If either of my kids stick their tongue out at an adult behind my back, I expect that adult to either admonish my kid immediately or to straight away make me aware and I will do it myself. But, as you may remember, Nellie Oleson would stick her tongue at anyone who dared enter her parents' store and her parents, instead of putting a stop to it, would believe her denial. This madness is epidemic and frightening.
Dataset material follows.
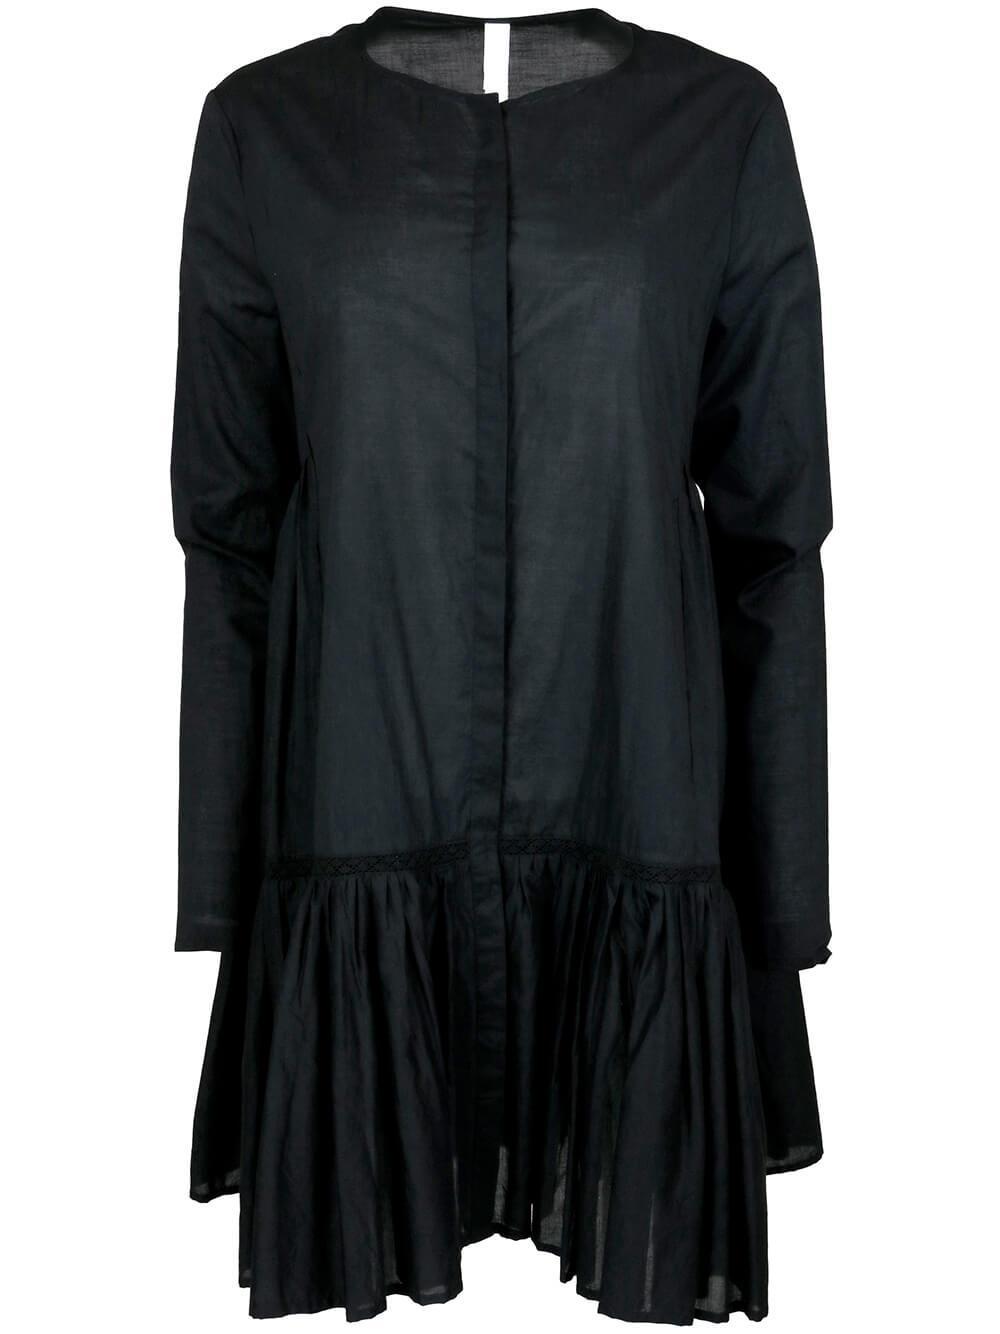 Mertel Dress

And it only, apparently gets worse as the kids get older. So called "helicopter parents" hover over their college aged kids, calling their professors to discuss grades and school administrators should their precious ones run afoul of the policies. What's worse is these parents are proud of it, even sporting shirts and bumper stickers proudly proclaiming their stupidity. I'm all for soccer moms. It seems I have become one, albeit unwittingly. But come on, people. If your kid fucks up, he fucks up. Don't make excuses for him -- straighten his crooked ass out.

I guess we pigs and snakes have it easy in that regard. I won't make excuses for her and she won't want me to cling on when she leaves the nest. Perhaps in our dysfunction we've found the healthiest relationship of all.

8 Comments:

Blogger Bobbie (Sunny) Cole said...

Lebowski, wearing black, Confederacy of Dunces - it's a pity we didn't have longer to talk in DC. *grin*

Thanks for sending me the link to your blog - have enjoyed it tremendously!

12:59 AM  
Anonymous Anonymous said...

I had the horrible realization yesterday while trying to eat thai food as I held Ros to a chair that our kids are NOT as well behaved as I thought, and we were THOSE parents right then.
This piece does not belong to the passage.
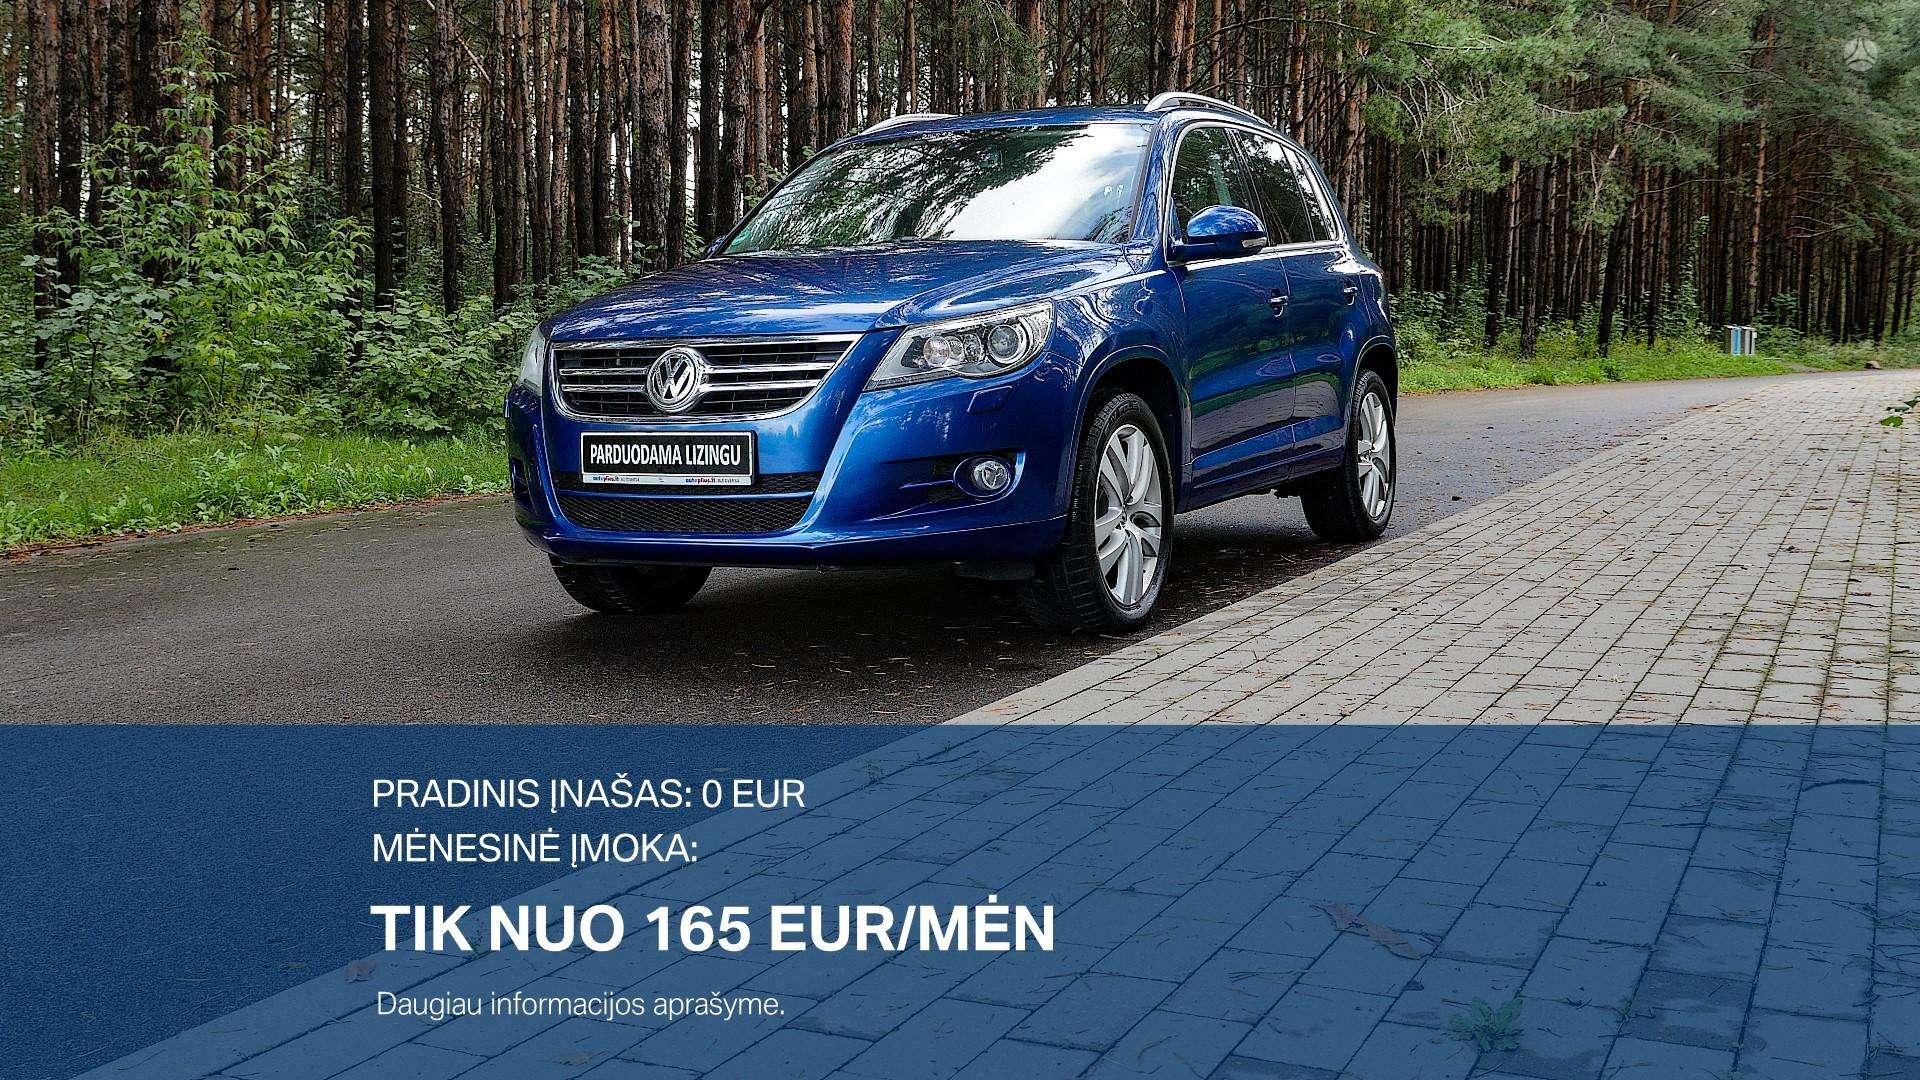 Volkswagen Tiguan išsimokėtinai nuo 165Eur/Mėn su 3 mėnesių garantija

I wanted to die. I don't want those kids.

Right now, Vivian and I are NOT really getting along-same issue-oil and water. Drives me nuts.

7:27 AM  
Anonymous Anonymous said...

Well I'm a Boar as well, great!!

9:42 AM  
Anonymous Anonymous said...

Personally, I thought Nellie Olsen rocked. That's not saying I take your daughter's side or anything. Some of what you write about makes me scared of you (lol) so I would never cross you.

As for me, I'm a monkey. Which isn't much better than a boar so don't feel so bad.